As has been seen with other banks, such as J.P. Morgan, a more sanguine economic environment and view of the consumer led to a reversal of loan loss reserves, which helped boost net income. Wells Fargo reported a pre-tax reduction in the allowance for credit losses of $1.6 billion as part of its first quarter 2021 financial results.
“Our results for the quarter … reflected an improving U.S. economy, continued focus on our strategic priorities, and ongoing support for our customers and our communities,” CEO Charles Scharf said in an earnings press release. “Charge-offs are at historic lows, and we are making changes to improve our operations and efficiency, but low interest rates and tepid loan demand continued to be a headwind for us in the quarter.”
Wells Fargo saw credit card point-of-sale (POS) volume of $21.1 billion in Q1, which was up by approximately 6 percent from $19.9 billion from a year ago.
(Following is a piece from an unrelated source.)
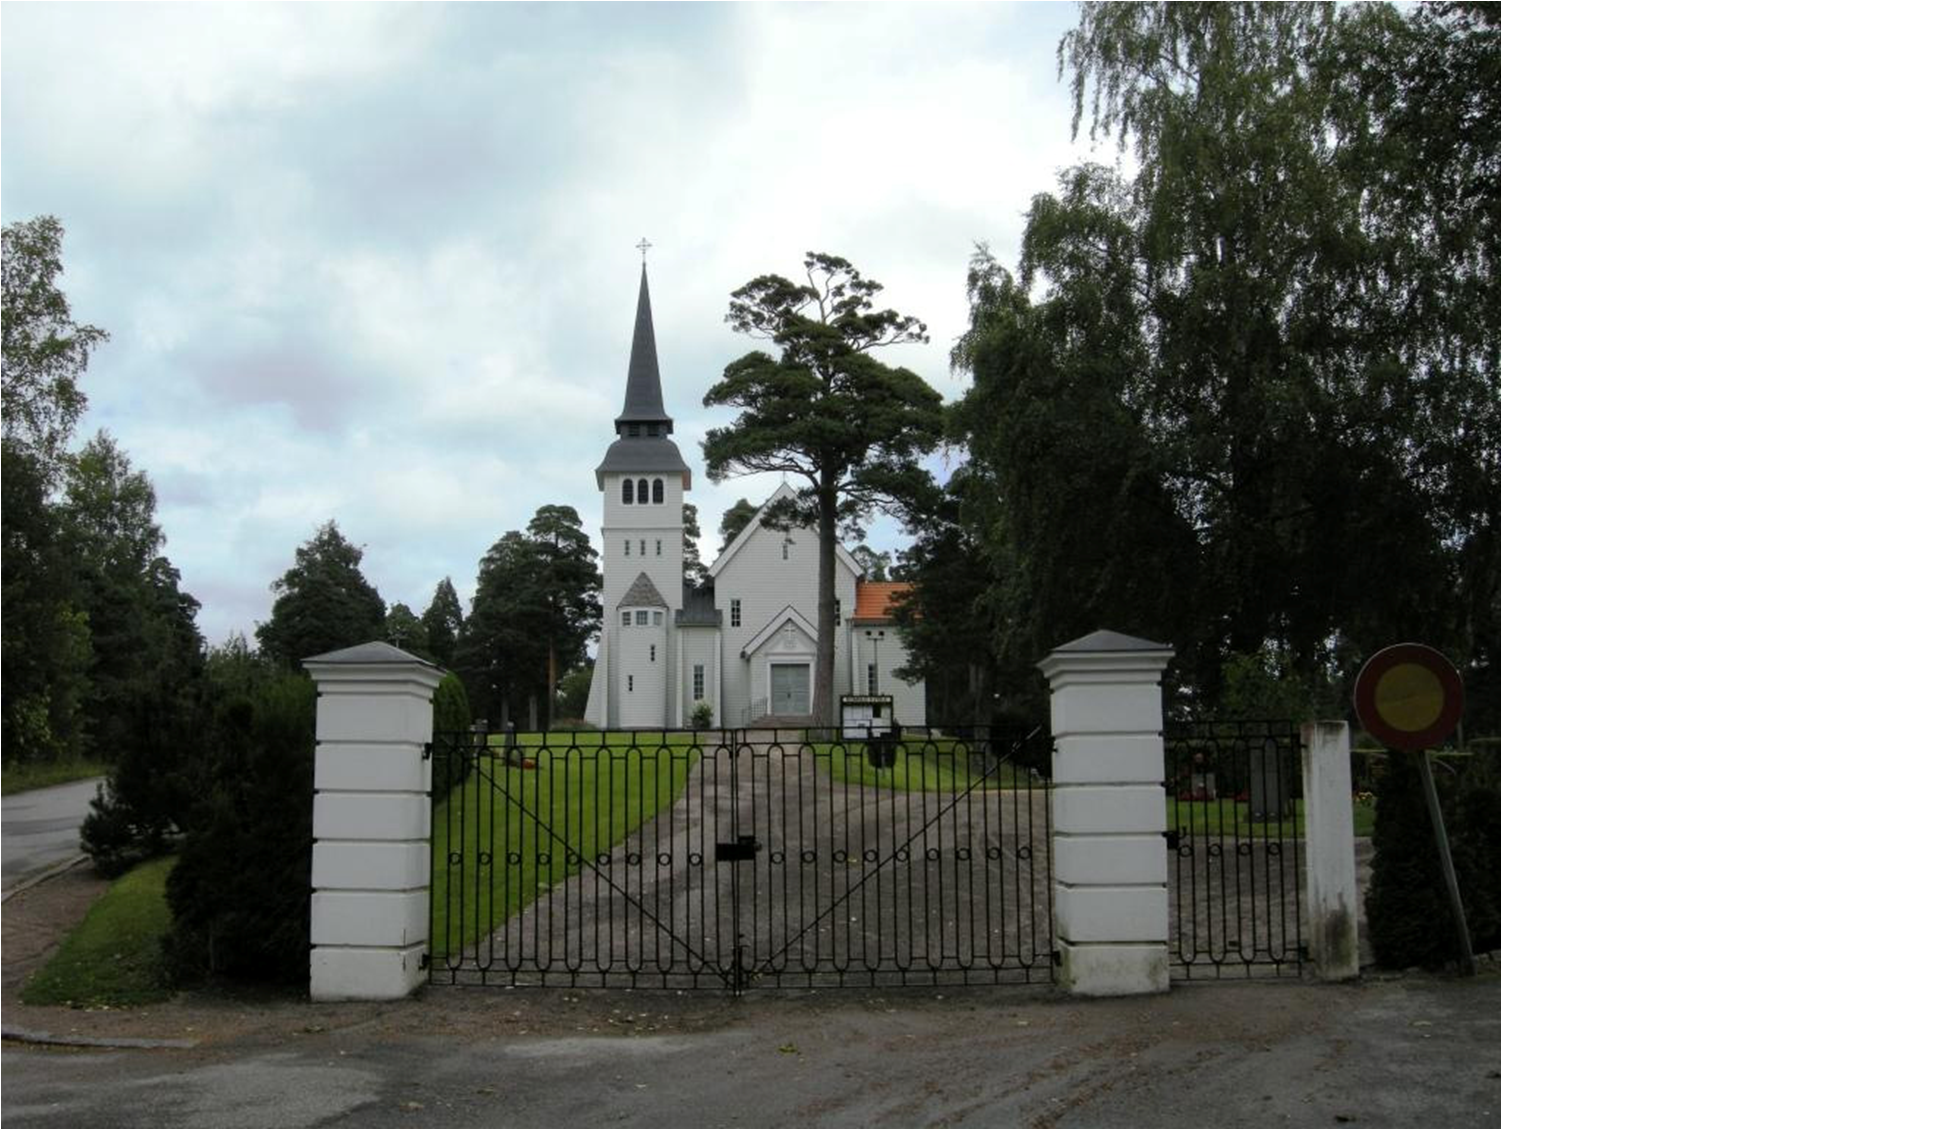 Bomhus kyrka sedd från kyrkogårdens västra ingång

The bank saw heightened debit card usage during Q1. Debit card POS purchase volume hit $108.5 billion during the period, which was up by approximately 20 percent from $90.6 billion a year ago.
Wells Fargo reported 32.9 million active digital customers (online and mobile) in Q1, with the inclusion of 26.7 million mobile active customers. Those figures were essentially flat from Q4.
Wells Fargo reported average loans of $353.1 billion for consumer banking and lending Q1 2021, which were down 8 percent from Q1 2020. The bank also reported $789.4 billion in average deposits in Q1 2021, which were up 21 percent from Q1 2020.
All in, Wells Fargo reported $4.7 billion in net income ($1.05 per diluted share) for the period on $18.06 billion in revenue. Its bottom-line earnings results exceeded estimates of 70 cents per share, and its top-line results exceeded analyst expectations for $17.5 billion in revenue.
Scharf said in the release that the company is “moving forward with our commitment to simplify the company and focus our resources on our core customers. We announced sales of our Asset Management and Corporate Trust businesses in the quarter, and we are increasing resources dedicated to initiatives to help drive growth in our core franchises.”